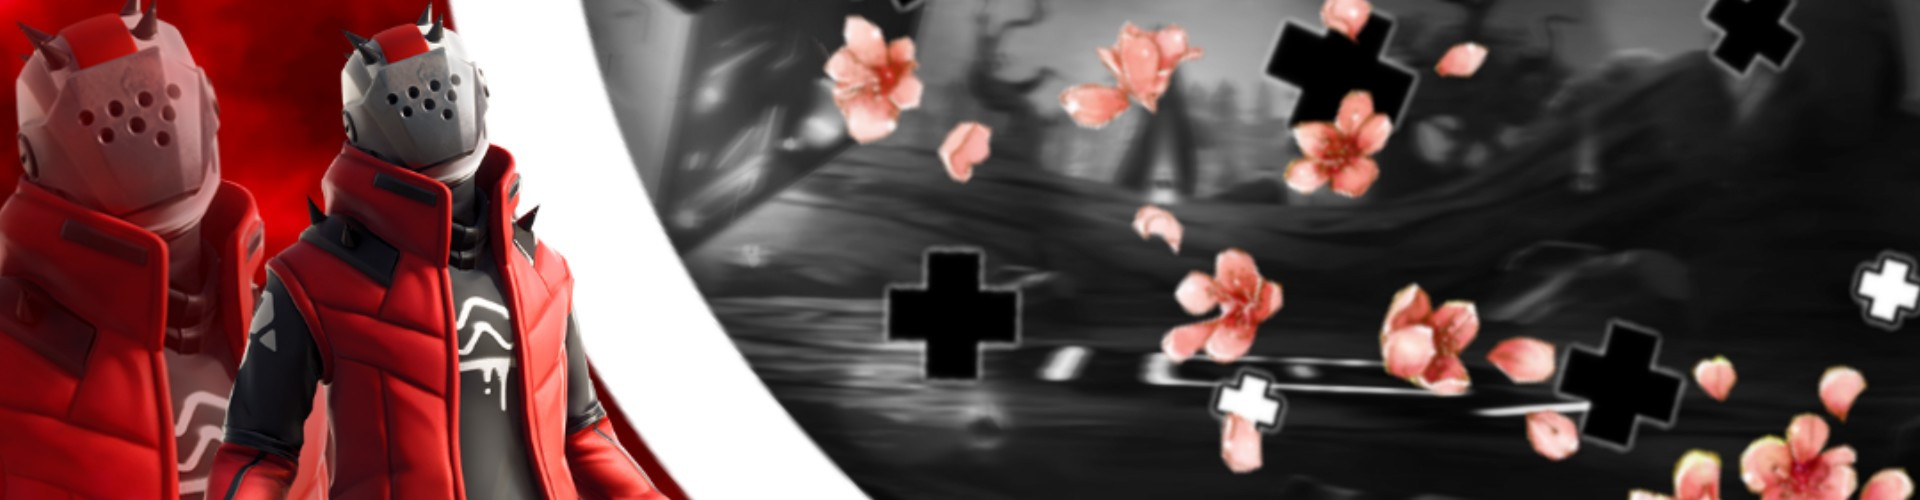 BANNER FREE TEMPLATE😈😷 EVIL TEAM😈 @itsevilyotxmmx @evilexx #fortnite #freetemplate #banner #fortnitebanner #evil #evilrc #evilontop
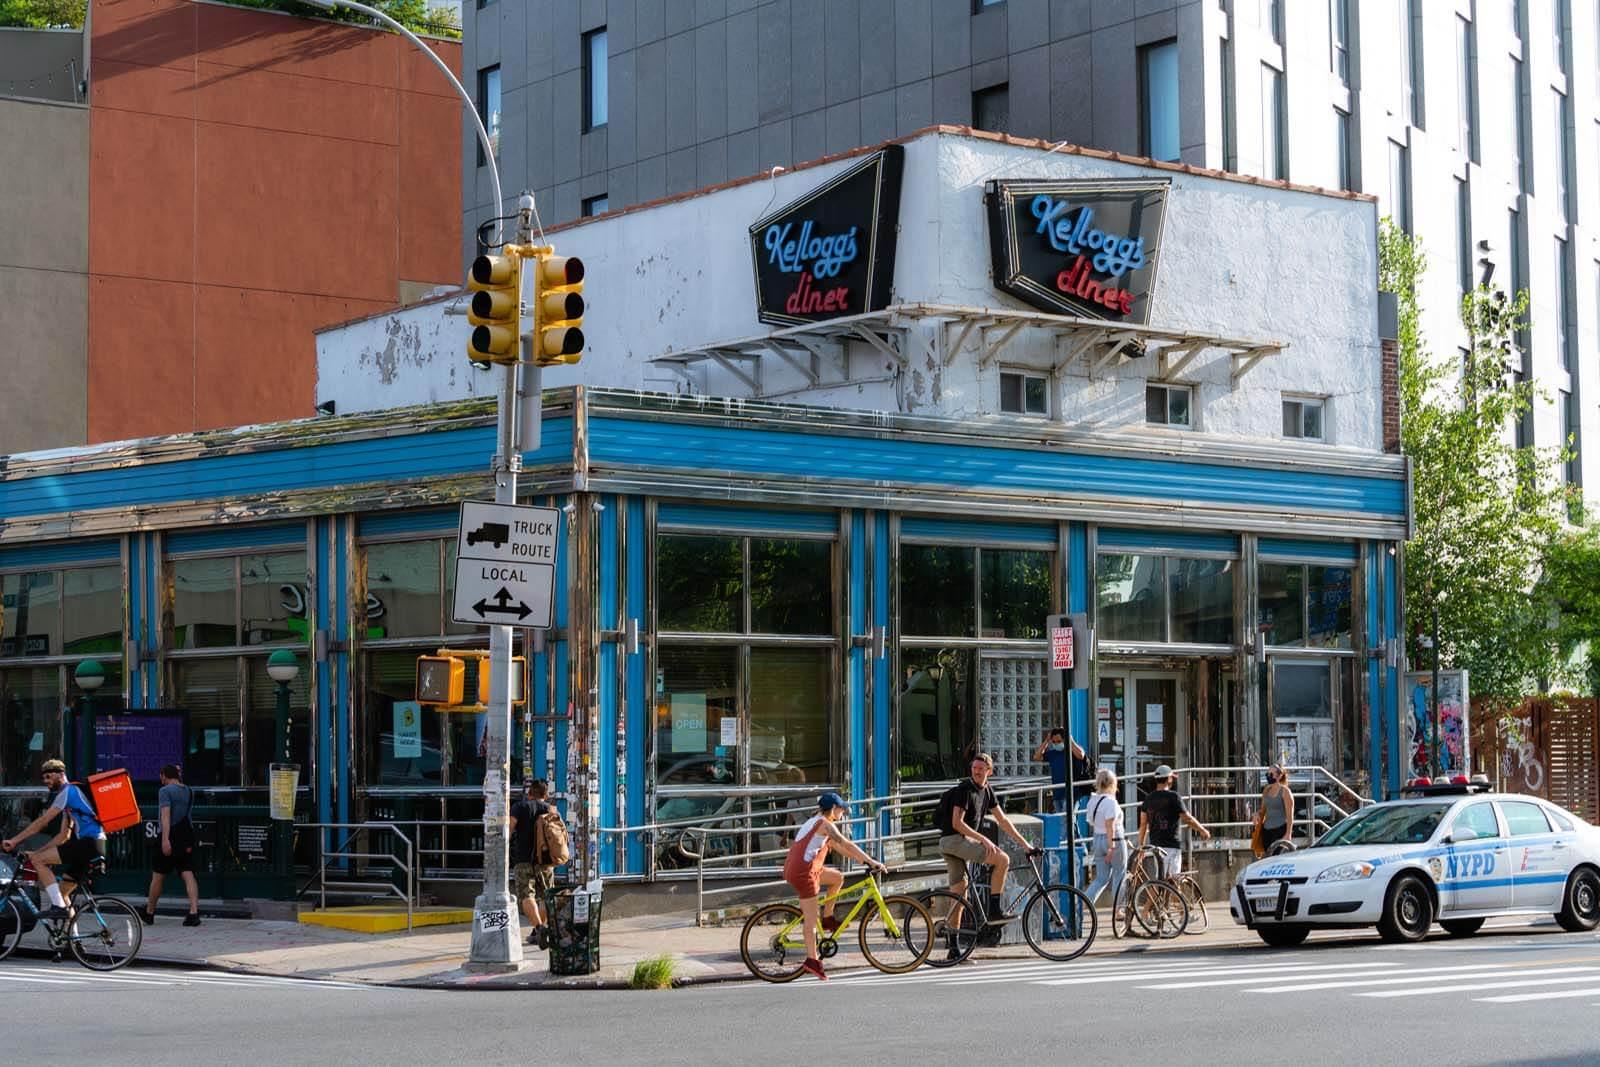 Kellogs Diner in Brooklyn located in Williamsburg
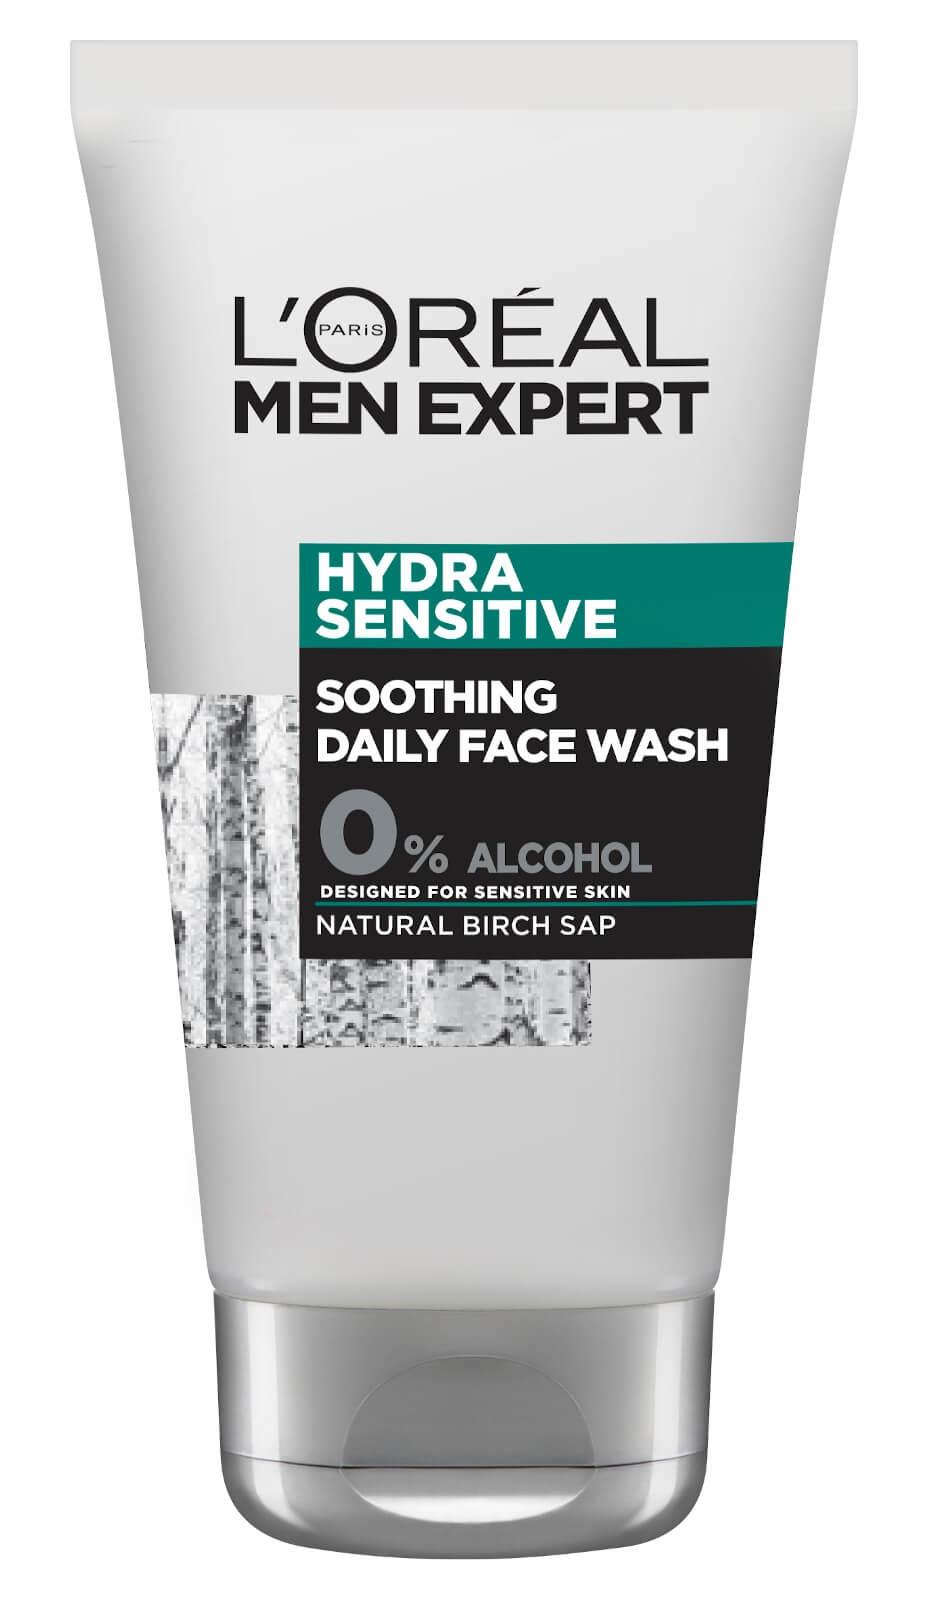 L'Oreal Men Expert Hydra Sensitive Skin Face Wash

━━━━

_PROBLEM TO SOLVE_
Give back the material above exactly, without pictures.

_SOLUTION_
 BANNER FREE TEMPLATE😈😷 EVIL TEAM😈 @itsevilyotxmmx @evilexx #fortnite #freetemplate #banner #fortnitebanner #evil #evilrc #evilontop
 Kellogs Diner in Brooklyn located in Williamsburg
 L'Oreal Men Expert Hydra Sensitive Skin Face Wash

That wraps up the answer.